Personal information
- Date of birth: 16 May 1992 (age 33)
- Place of birth: Edinburgh, Scotland
- Height: 5 ft 1 in (1.55 m)
- Position: Midfielder

Team information
- Current team: Heart of Midlothian
- Number: 6

Youth career
- Caledonia Park Boys
- 2007–2008: Hibernian

Senior career*
- Years: Team / Apps / (Gls)
- 2008–2012: Hibernian / 31+ / (6+)
- 2012: Spokane Shine
- 2013: Glasgow City / 21 / (9)
- 2014–2018: Hibernian
- 2018–2020: Durham / 22 / (6)
- 2020–2024: Celtic / 20 / (0)
- 2021–2022: → Birmingham City (loan) / 16 / (0)
- 2024–: Heart of Midlothian / 31 / (5)

International career^{‡}
- 2009: Scotland U17 / 2 / (0)
- 2009–2011: Scotland U19 / 16 / (0)
- 2021–: Scotland / 8 / (0)

= Lisa Robertson (footballer) =

Scottish footballer (born 1992)

Lisa Robertson (born 16 May 1992) is a Scottish footballer. She currently plays as a midfielder for Heart of Midlothian in the Scottish Women's Premier League.
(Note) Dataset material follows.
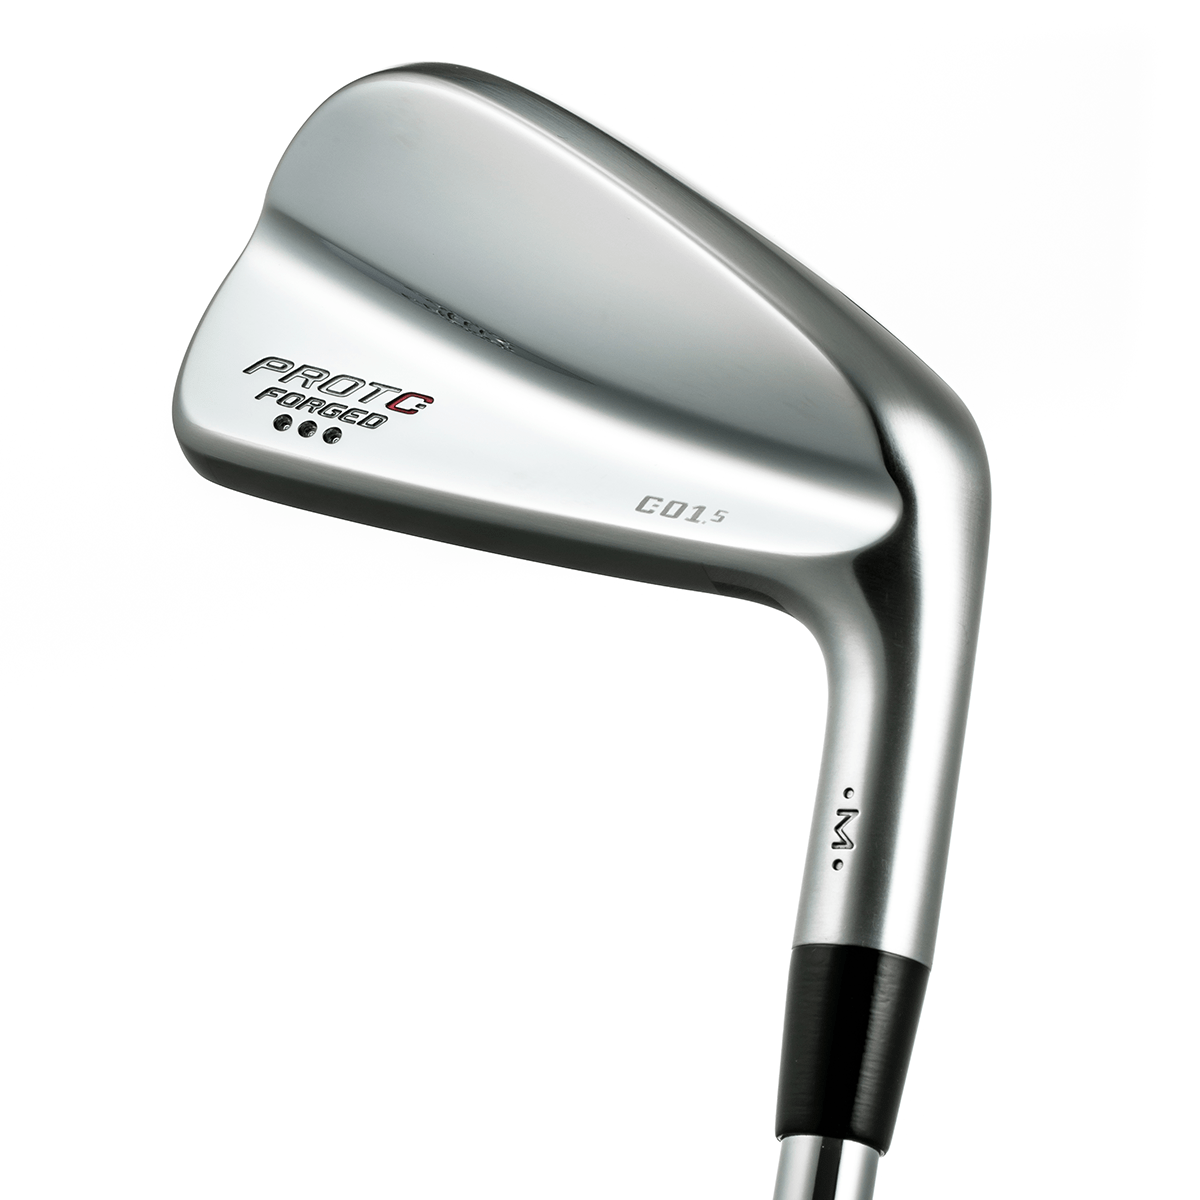 PROTOCONCEPT Golf, C01.5 Forged Iron ーHybrid Iron, golf iron

She has previously played for Hibernian, Spokane Shine, Glasgow City, Durham and Celtic, as well as Birmingham City on loan.

==Club career==
Lisa Robertson grew up in Dalkeith, Scotland. She played for boys' teams in her youth before joining Hibernian girls as a 14-year-old. Robertson signed for the senior team less than a year later in January 2008.

===Hibernian===
Robertson won her first major trophy when she played in the 2010 Scottish Women's Cup final, as an 18-year-old against Rangers. Hibs won the final 2–1.

===Spokane Shine===
During the Summer of 2012 Robertson left Scotland for the United States where she played for Spokane Shine Ladies in the Women's Premier Soccer League for the Summer.

===Glasgow City===
She returned from the United States and signed for Glasgow City in December 2012. She played for City for one year before re-signing for Hibs for the 2014 season.

===Hibernian second spell===
In 2014 Robertson resigned for Hibernian.

=== Durham ===
In November 2018, Robertson signed for Durham Women.

=== Celtic ===
In January 2020, Robertson signed for Celtic.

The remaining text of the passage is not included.